Advanced maternal age. Elderly primipara. Mature gravida. These are all labels placed on women who are having babies when they are age 35 or older.
The descriptions sound a little scary and some statistics about pregnancy at this age can be daunting. But it’s important to look at births in this age group. While total births are falling, the rate of women over the age of 35 who are having their first child has steadily risen since the 1970s.
As obstetricians, we like science and appreciate facts and figures. Women ask us about their risks, and we like to be able to give numerical answers. But those risks need to be categorized and put into the proper perspective.
Age 35 was first designated as the threshold for being labeled as “elderly” while pregnant during a National Institutes of Health (NIH) conference in 1978. The focus of the conference was a new technology – amniocentesis – that would allow testing of a fetus for Down syndrome.

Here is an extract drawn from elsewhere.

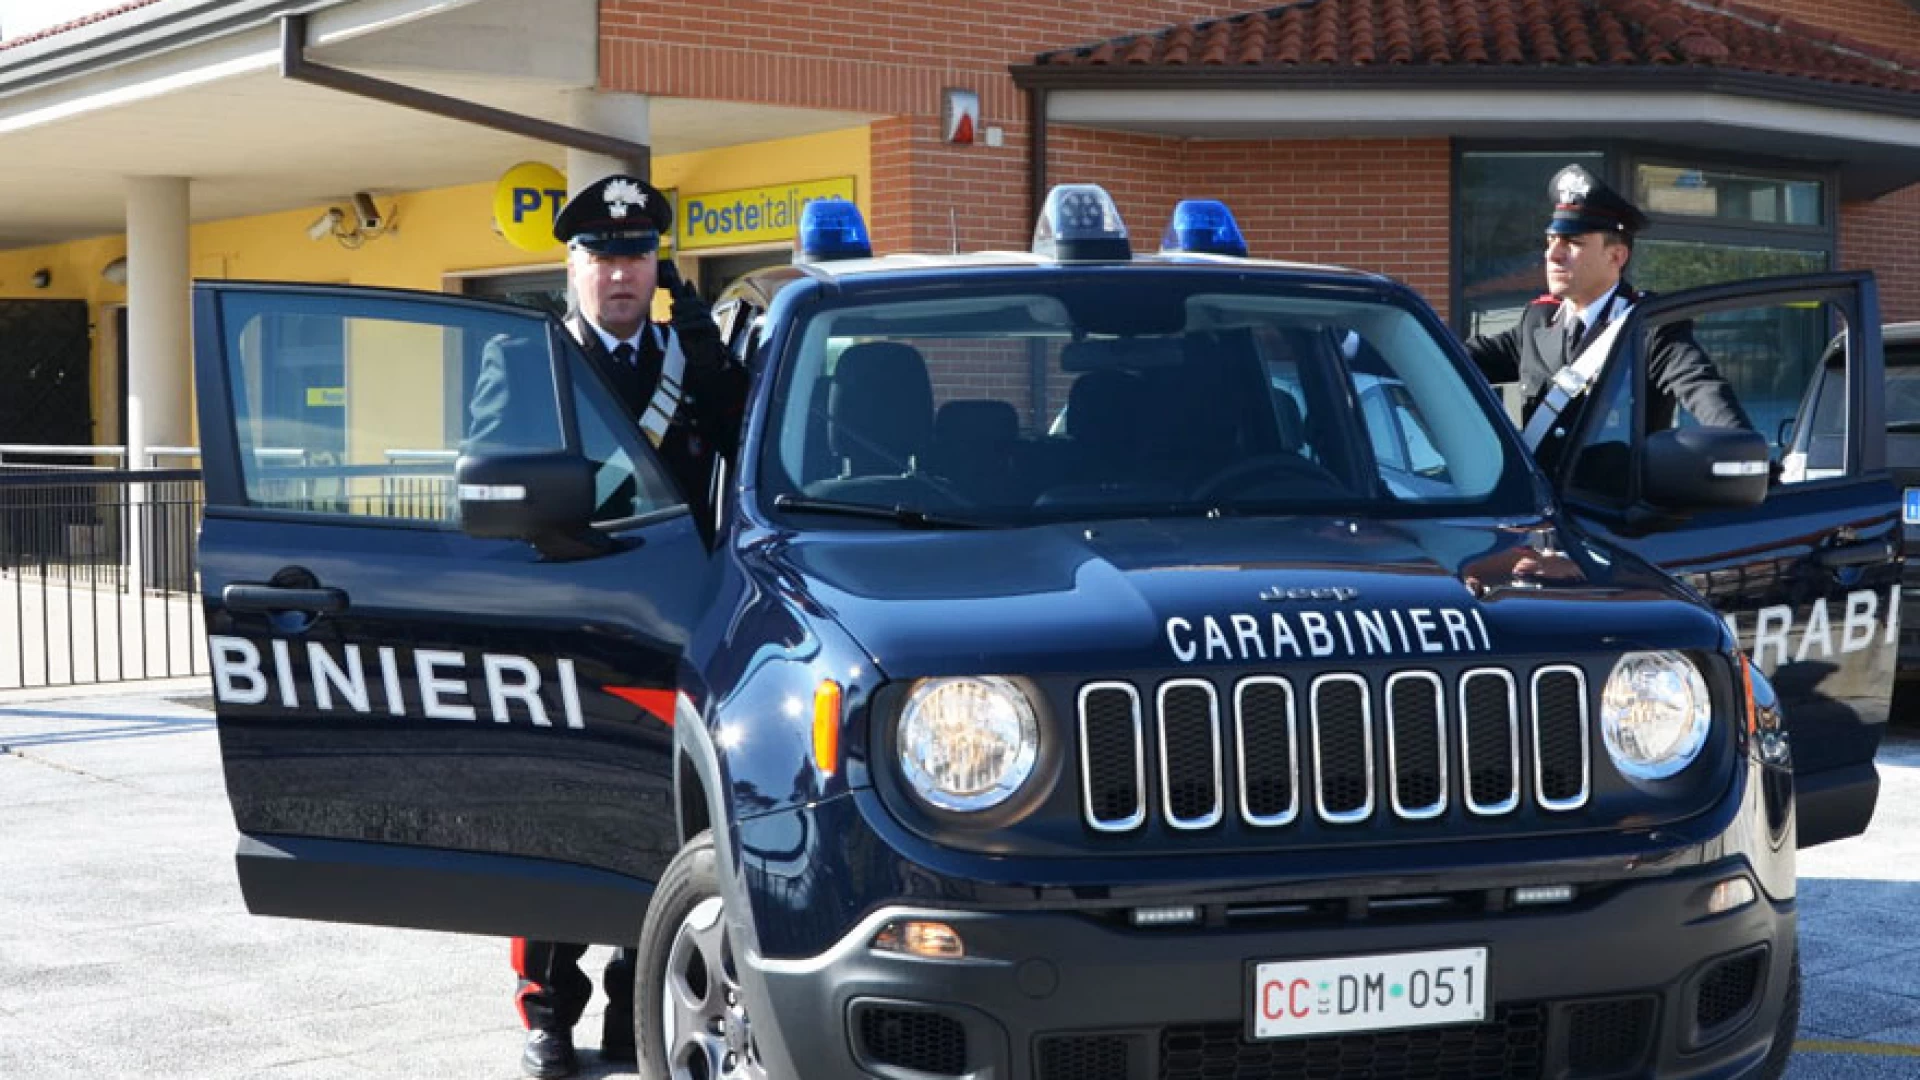 Isernia: Controlli a tappeto dei Carabinieri su sale gioco e centri scommesse, un gestore denunciato all’Autorità Giudiziaria  e tre sanzionati per irregolarità amministrative.
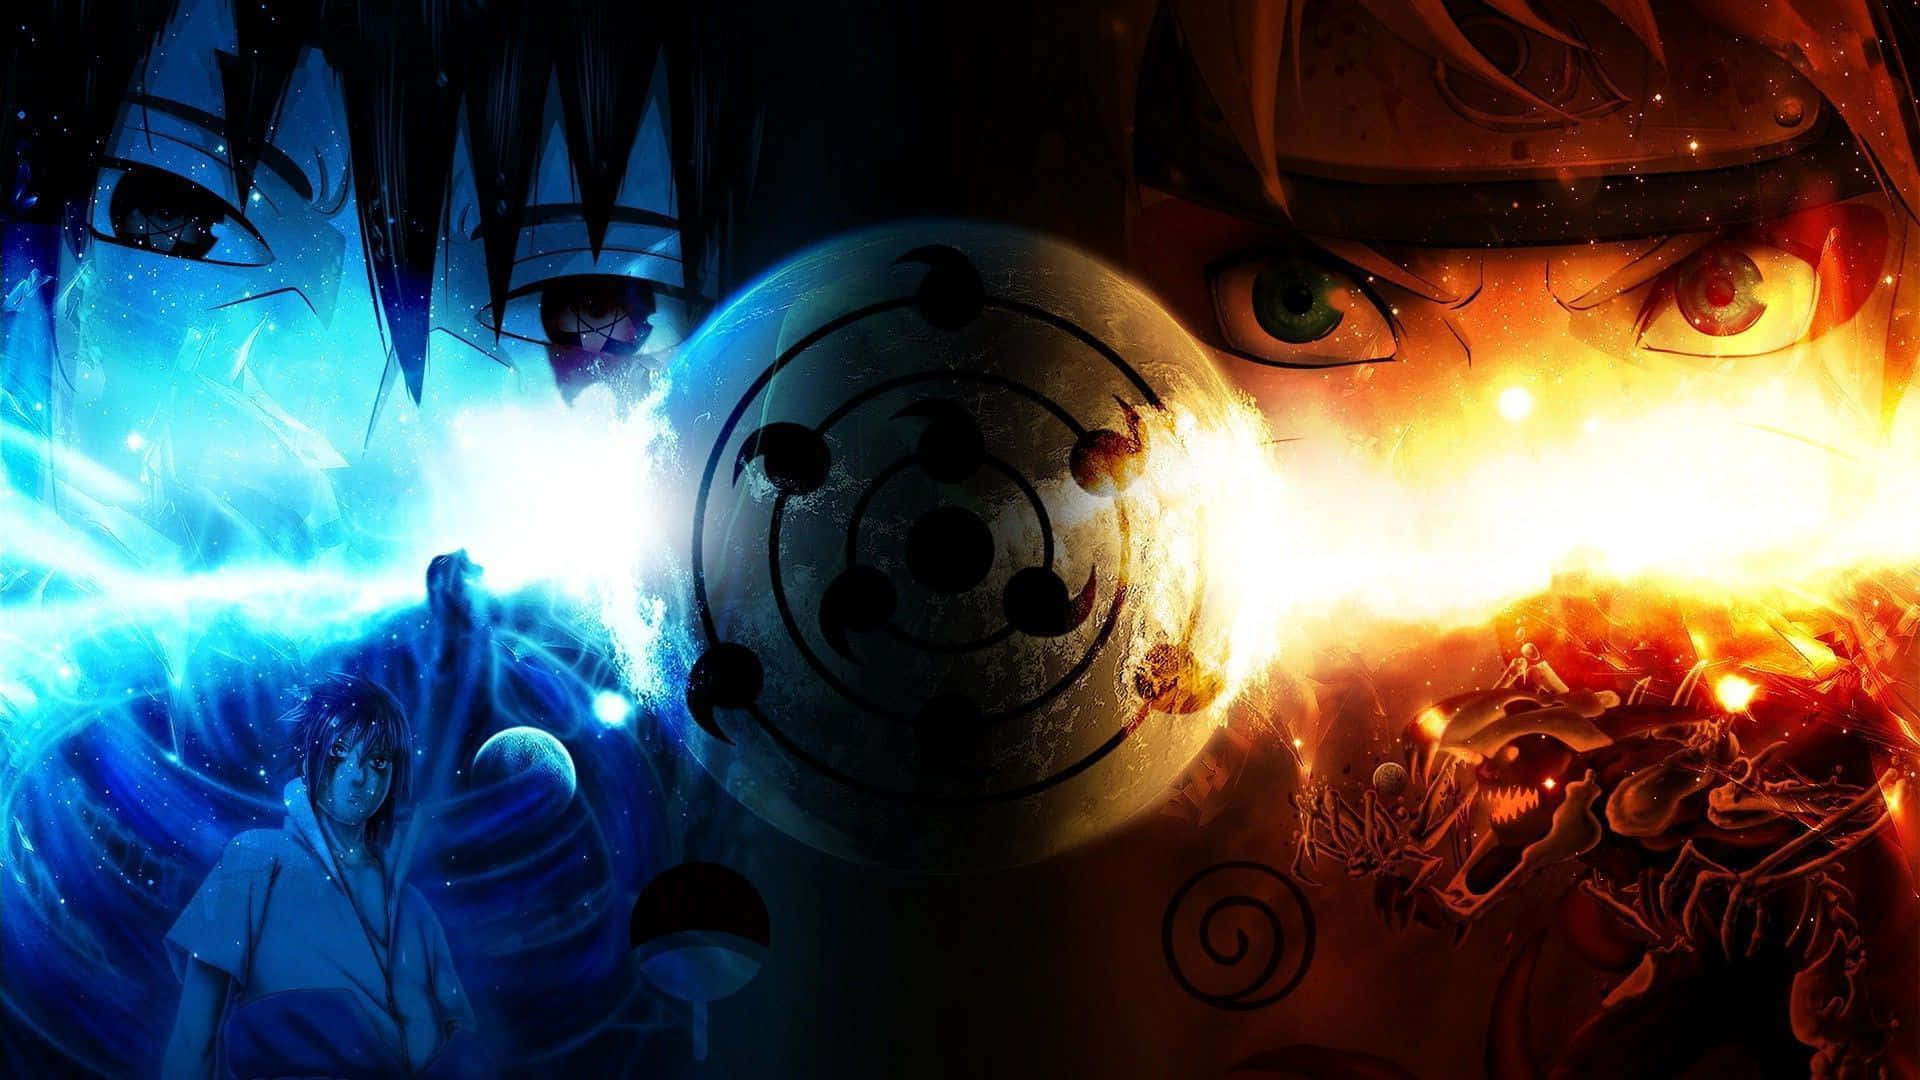 Seguii Tuoi Sogni: Il Potere Di Naruto Neon. Sfondo

We know that as a woman gets older, she is at increased risk for this complication.
The NIH announced that all pregnant women age 35 and older should be offered an amniocentesis, but acknowledged that the specific age was “arbitrarily decided by logistical consequences and is not the sudden biological difference between women above and below any given age.”
Many studies since then have compared outcomes between women under 35 years of age and those older than 35.
For us, the age of 35 is simply a line in the sand. Though all pregnancies are different, this dividing line helps us deliver more precise information to our patients and their babies.
How pregnancy over age 35 can affect the mother and the baby
Both the baby and the mother share the risks associated with pregnancies over age 35.
Risks to the baby
A woman is born with all the eggs she will have. As she ages, so do her eggs. Older eggs have a higher chance of dividing unequally, leading to extra chromosomes in the fetus. Down syndrome is an example of such a condition.
About 1 in 100 babies born to women who become pregnant after the age of 40 have Down syndrome. But remember, that means that 99 percent of babies born to women in this age group will not have Down syndrome.
A woman – regardless of her age – can be screened to determine her risk for chromosome abnormalities, and then can decide whether she chooses to have a diagnostic test like an amniocentesis. Some women who undergo fertility treatments use donated eggs that are younger than their own and are less susceptible to the genetic risks associated with older eggs.
Fetal problems are not always attributed to the mother or her eggs. Mutations can happen in the sperm, especially when the father is older. Diseases like neurofibromatosis or achondroplasia, commonly referred to as dwarfism, are seen more frequently in children whose fathers are over 40 at the time of conception.
Risks to the woman
Trying to become pregnant after age 35 also presents a unique set of problems. In many instances, older women become pregnant through fertility treatments. These treatments can lead to multiple births, which presents additional challenges and higher rates of complications.
All women are at risk for developing complications during pregnancy, but some are more likely as women get older. Women over 35 are more likely to develop gestational diabetes or high blood pressure during pregnancy. Also, there’s a higher chance for women in this age group to have underlying health problems, such as obesity or heart disease. Becoming pregnant with these medical conditions puts the mother at more risk of complications than younger women without them.
These conditions also can lead to premature birth, low birth weight, or other complications. The better controlled medical conditions are before pregnancy, the better the chances for a successful pregnancy.
If you are told you are at a higher risk of a complication than someone younger than 35, don’t focus solely on how much more often it happens. Ask and understand the real probability that it will happen.
It is scary to think that the risk of death during delivery is twice as high if you are 35 to 44 years old than if you are younger than 35 years old. But when you know that the actual occurrence is 1 in 10,000 it can be more reassuring.
What can you do?
Every pregnancy is different. It is critical that women, with their physicians, look closely at risk factors for their particular health status.
If you have high blood pressure, work with your physician to control it with a medication that is safe during pregnancy. If you have diabetes, make sure your glucose levels are normal. Stop smoking. Lose weight. All of these things will have a beneficial impact on your health and that of your baby.
And remember, statistics can be interpreted differently, so don’t get too hung up on the numbers, especially the number 35.